Students are asked to figure out when the two trains will meet.“The danger with teaching using this example is that many students only learn how to solve the problem with the trains,” Kaminski said.
“If students are later given a problem using the same mathematical principles, but about rising water levels instead of trains, that knowledge just doesn’t seem to transfer,” she said.
“It is very difficult to extract mathematical principles from story problems,” Sloutsky added. “Story problems could be an incredible instrument for testing what was learned. But they are bad instruments for teaching.”
The researchers found that their results held for undergraduate students as well as 11 year old children. Their findings are at odds with the popular and enduring assumption held by many math educators that only concrete examples help children understand math. Kaminski et al., are repeating this experiment with elementary school children. They believe that the results are not likely to be all that different.
What does this all mean? Twenty five years ago, the University of Chicago Math Project with support from the National Council of Teachers of Mathematics (NCTM) and the National Science Foundation NSF, came up with the new ‘constructivist’ or ‘integrated’ math curriculum that emphasized understanding math concepts, constructing math rules from ‘real world’ examples, dismissing rote memorization of math facts like multiplication tables, throwing out ‘carry-over addition’ and other traditional ways of doing math and approving the use of calculators even in first grade classrooms.
The Everyday Math curriculum proposed by the University of Chicago is used in 175,000 classrooms and by 2.8 million elementary school students. Its counterparts are the Connected Math in middle school and Core-Plus Math in high school (names may differ from state to state). This math system rejects traditional math methods (the way we learned math in school) and seeks to integrate conceptual methodologies and connections to the ‘real world’ with math facts.
Today, more freshmen coming into college are taking remedial math than ever before in the history of US education. US students rank considerably lower than many other nations in math as assessed by the Trends in International Mathematics and Science Study. Across the country, there are angry parents and students who have been forced to turn to tutoring, after school math remedial programs, drilling at home or changing schools to avoid the integrated math curriculum and provide students with the math education they should be getting at school.
Almost twenty five years after the advent of reform math, the math wars continue to rock the nation. Some of us have heard it before and some like me are discovering it for the first time and are nonplussed. Aren’t twenty five years long enough to understand the effectiveness or ineffectiveness of a system? It is downright scary when scientists, mathematicians, and university professors all seem to agree that the new reform “integrated math” does not do justice. You can read some comments from university professors here.
My post is probably just touching the tip of the iceberg. I fervently hope Kaminski’s work is a start in the right direction.In my next post I hope to provide a little more detail on the differences between the integrated math and other math curriculums used around the country. In the meanwhile I would love to hear your comments on this integrated math system as well as any coping strategies that you may have to share with other readers.

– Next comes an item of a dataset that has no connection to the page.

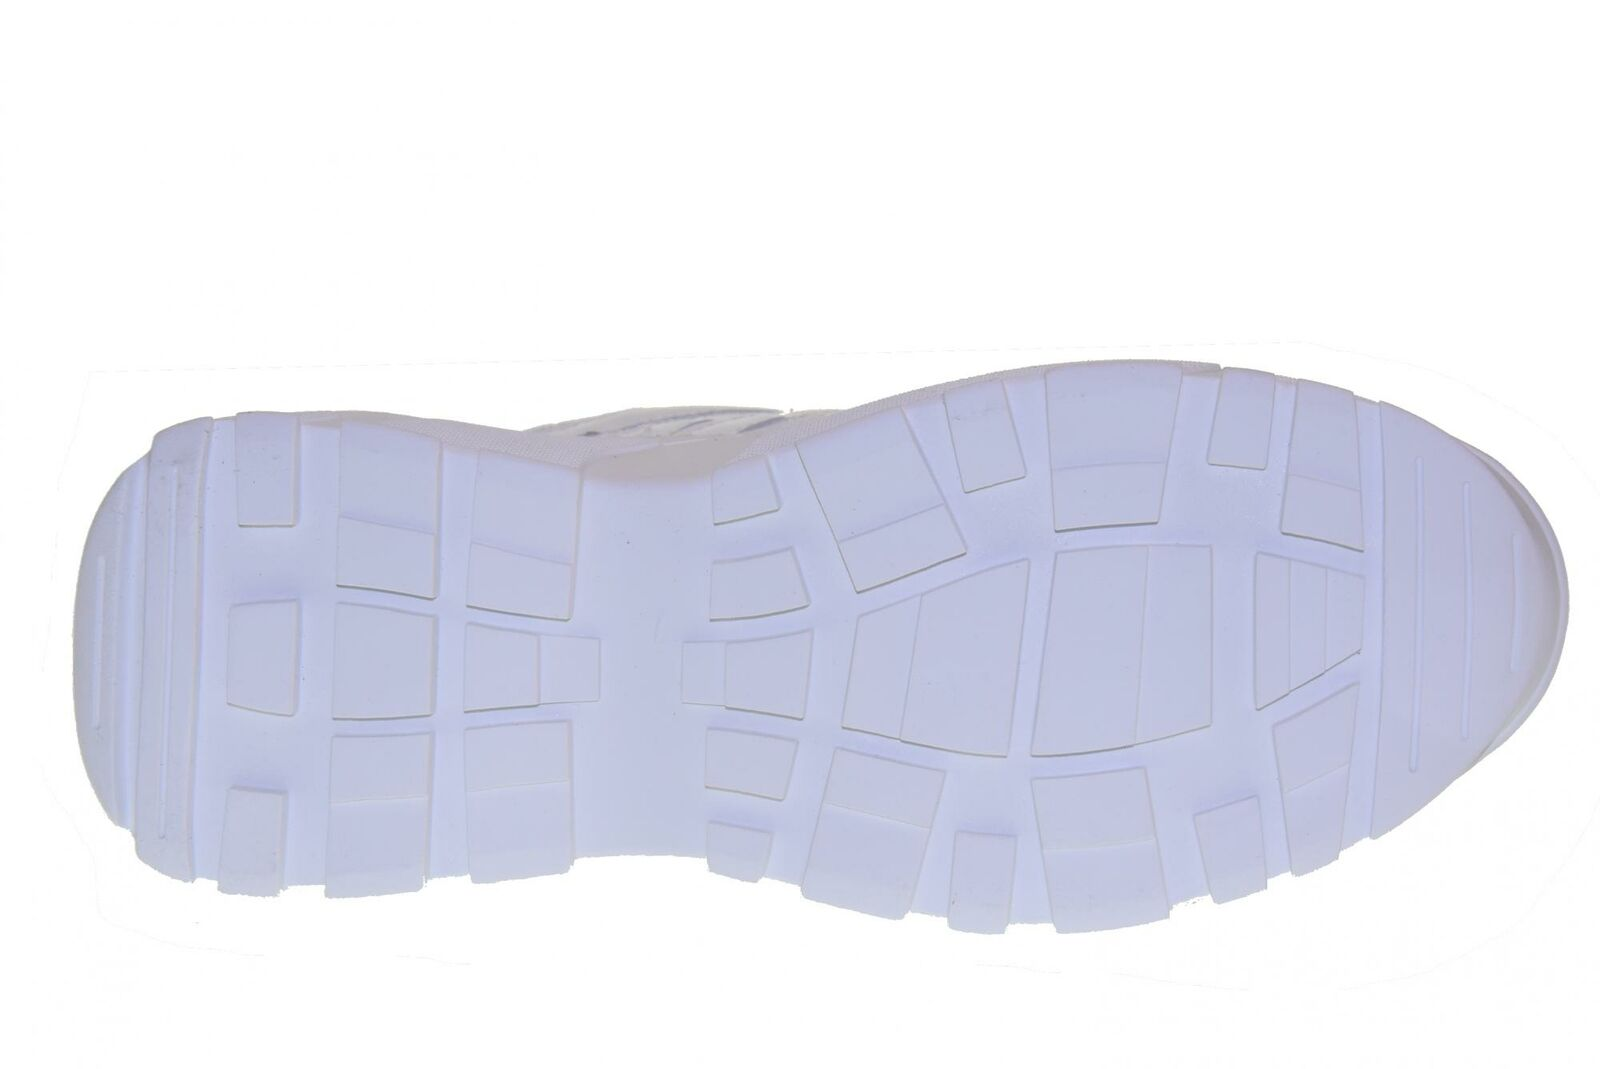 Windsor Windsor Windsor Smith P19s schuhe damen zapatillas con cuña COREY BIANCO b9f705

Enakshi Choudhuri did her Masters in Counseling from Heidelberg College in Ohio and PhD in Counselor Education from the University of Iowa. She has taught and supervised undergraduate and master's level students and has worked with children, adults and college students at various agencies. She is also an author and book publisher. More posts on parenting and education can be found on her blog.
I am somewhat confused by this post and looking forward to your next post which describes the integrated math curriculum and differences with other curriculum. I live in India and trying to teach math concepts to my 11 year old.
In India, while teaching math, the focus seems to be on memorizing multiplication tables and rules such as “carry over addition” without a lot of emphasis on connecting to the real world.
Your post suggests that connecting to the real world does not promote learning- if a concept is taught using the trains example, the student may not be able to apply that concept to a water level example.
However, isn’t the purpose of learning math to learn how to solve real world problems ? When faced with a real world problem, like a water level problem, doesn’t the child have to understand and distill it down to the applicable rule which he or she has learned. Without the connection to real world examples how can he or she figure out which rule to apply ?
Am I missing something ?
My main point in the post is that children who learn math concepts abstractly are better able to apply that knowledge in a variety of situations than children who learn the concept through a real world example. In the latter case, the details of the real world example detract from learning the actual math concept and the child is less likely to be able to apply the same rule in another situation.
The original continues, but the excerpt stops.